Принесли кофе. Даже в темноте было видно, как бледен мой собеседник.
– Послушайте, – нерешительно начал я, – почему вы думаете, что жена ваша сама по себе не додумалась бы уйти?
– Вообще, знаешь, мне самому Вадим Маркович нравится. Но факт остается фактом. Жили мы хорошо? Хорошо. Как только свяжется женщина с мозговедом, так порядок у ней в голове и поплыл.
– Вот и подумайте, дорого ли стоят отношения, которые за день может разрушить какой-нибудь астролог или кто он там.

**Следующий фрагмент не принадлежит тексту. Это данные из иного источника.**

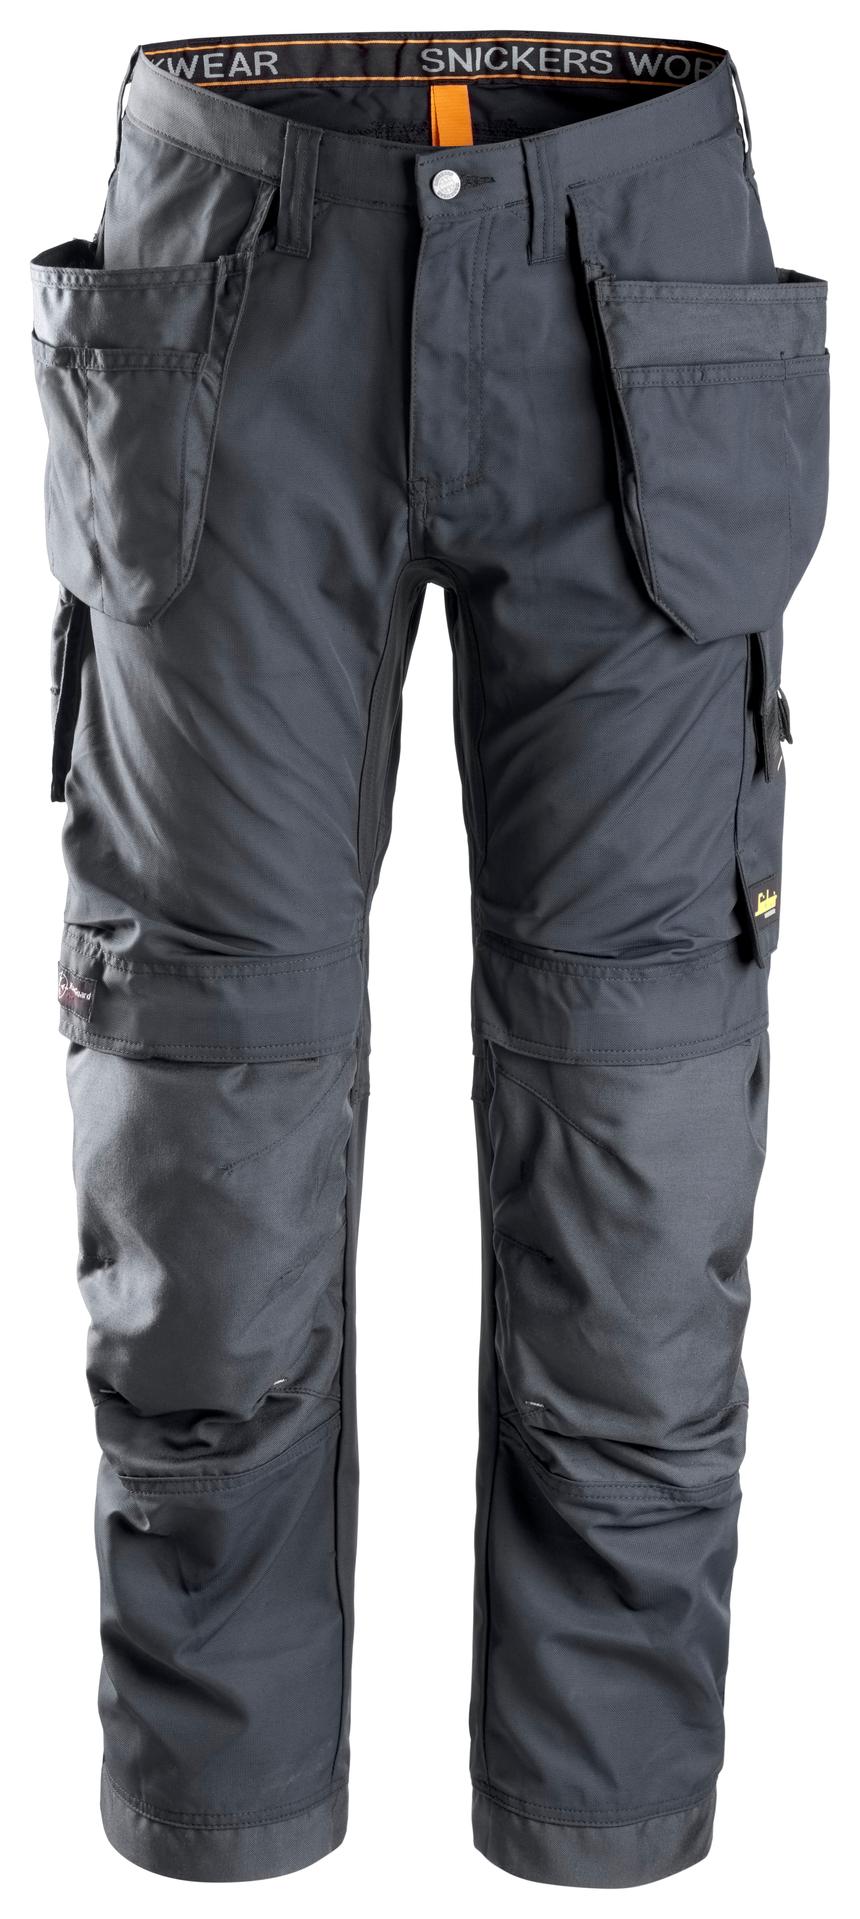 Snickers 6201 Allround Work Trousers with Holster Pockets | DEL Workwear

– Я его найду, – твердо сказал Алексей.
Лицо его было бескровно, как мрамор. Я оглянулся, ища глазами официанта. На сегодня впечатлений более чем достаточно.
Мимикрия десятая. Пращуры
Ночи стали такими долгими, что в дневной свет не успевалось поверить: только проморгаешься, а уж снег семенит в свете фонарей. В субботу нас пригласила Николь Григорьевна, Варина бабушка. Приглашения случались и прежде, но каждый раз за день все отменялось. Николь Григорьевне восемьдесят лет, она то и дело хворает и не хочет предстать перед женихом внучки немощной.
Варвара бывала у бабушки часто, но одно дело Варвара, а другое незнакомый мужчина. Впрочем, нам уже пришлось побеседовать с Николь Григорьевной по телефону. Голос у нее был тонкий, еле слышный, но говорила она живо, остроумно, даже смеялась. Ее смех казался очаровательным, каким бывает смех пожилых дам. При этом и в голову не приходило вообразить, как Николь Григорьевна смеялась шестьдесят лет назад. Мне нравился именно нынешний ее тихий смех, так что невольно я старался смешить Варину бабушку почаще.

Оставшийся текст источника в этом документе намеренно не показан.